My five cents’ worth on these redundant little coins
Five cent coins. You can’t use them in vending machines. You can’t use them in parking meters. And I wouldn’t be surprised if beggars and wishing wells start refusing them next.
The heyday of the Australian five cent coin ended long ago. It’s time to take the echidna out of circulation.
Myki machines don’t even take them! You’d think with all their budget blowouts, they’d gladly take any source of money people jam in the slot.
When was the last time you bought something for five cents?
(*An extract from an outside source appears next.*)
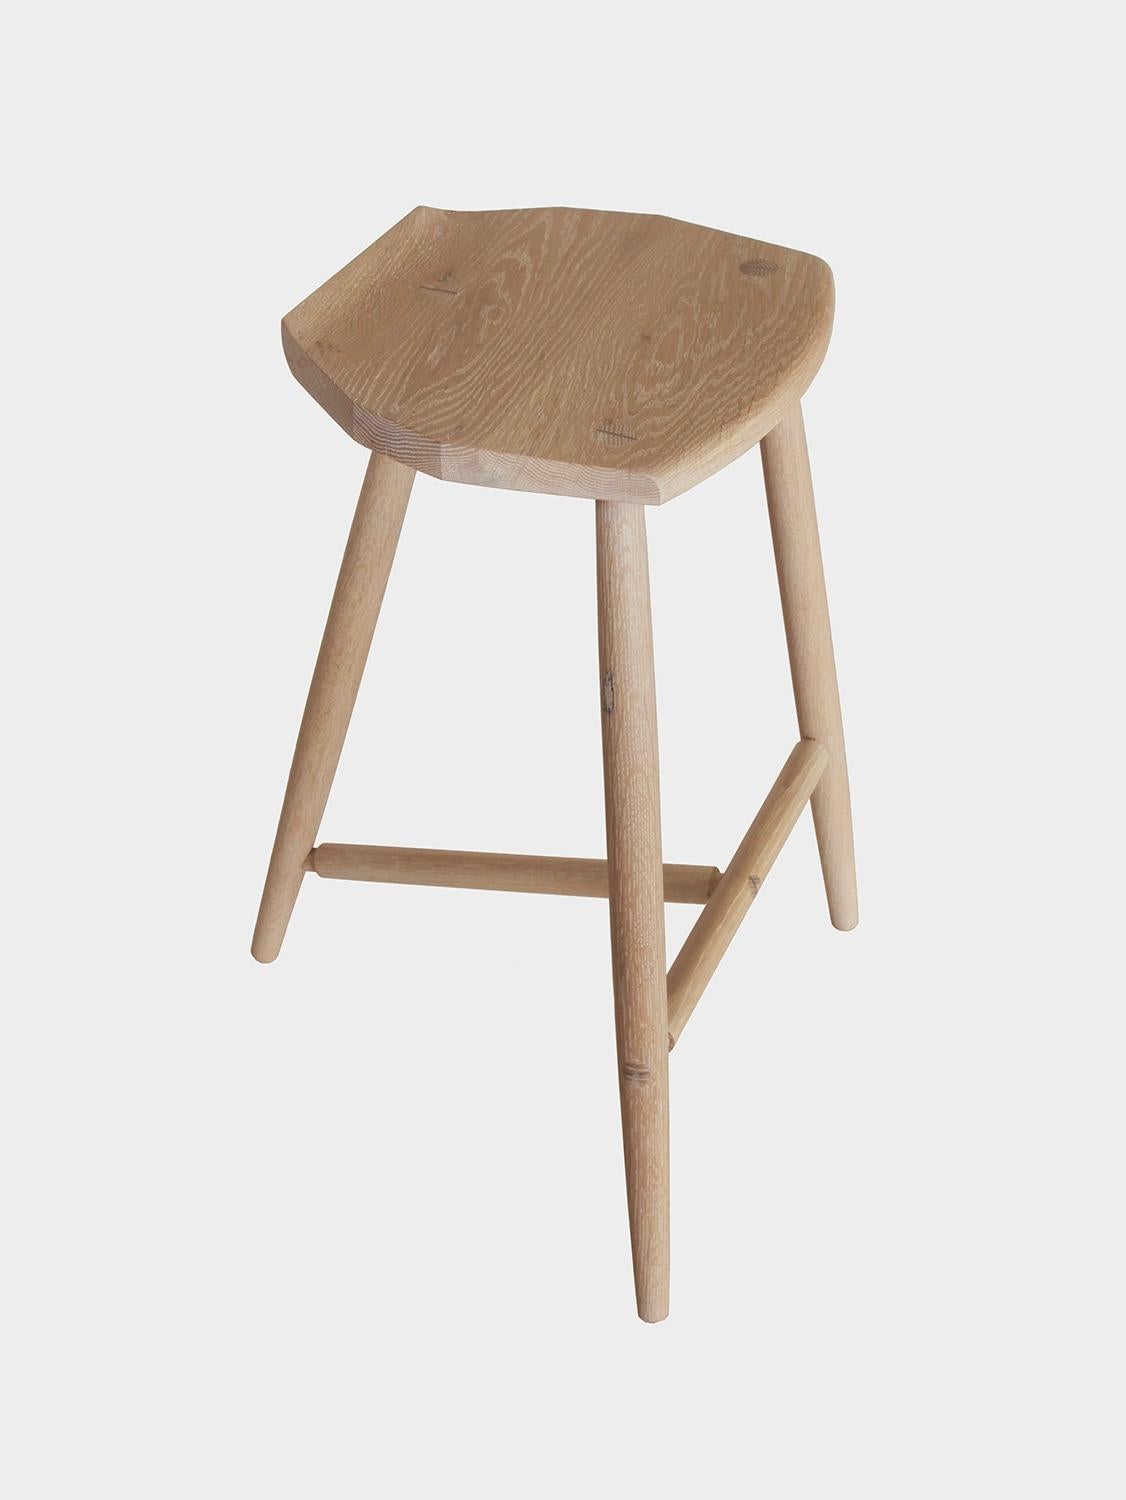 New York Heartwoods' cerused oak solid wood counter height Jordan stool is influenced by Shaker and Mid-Century design; created to be comfortable, lightweight and easy to move; and features three turned legs, a unique hand-carved faceted seat, and

I don’t think I’ve made a five cent purchase since that single candy heart I bought for a primary school crush circa 1995.
And even at the school tuck shop, it was all I could do to avoid being up sold to a ten cent bag of mixed lollies.
These days those little coins are completely useless and plain irritating. They just amass in your purse, wallet or pocket. Nobody likes them. The five cent coin is the Gary Busey of Australian currency.
Some people don’t even bother picking them up off the ground if they drop one. Evidentially, the act of bending over in 2012 is worth at least 20 cents.
Plenty of businesses try to discourage their use through setting prices at 10 cent intervals. And if you’re five cents short at the supermarket, you can usually get away with it. So what’s the hold up?
We made the choice to ditch one and two cent coins 20 years ago. It’s the natural cycle of inflation. Prices keep going up and eventually the smaller denominations become practically worthless, ultimately of interest only to museums and collectors.
Unbelievably, just like rowing at the Olympics, the abolition of the five cent coin is yet another area where New Zealand beats Australia. The Kiwis got rid of theirs in 2006.
But the Royal Australian Mint still churns out up to 300 million five cent pieces a year. More than any other coin. That’s 13 five cent coins for each Australian.
Someone needs to set an example. If I get one in my change, I’m not taking it with me. It’s going straight into the tip jar or it’s being left on the counter.
It’s just like that episode of Seinfeld where Kramer decides he’s ready for daylight saving, so he puts his watch forward an hour all on his own.
So that’s it, Mint. I’m doing a Kramer! From now on, David M. Green does not do five cent coins.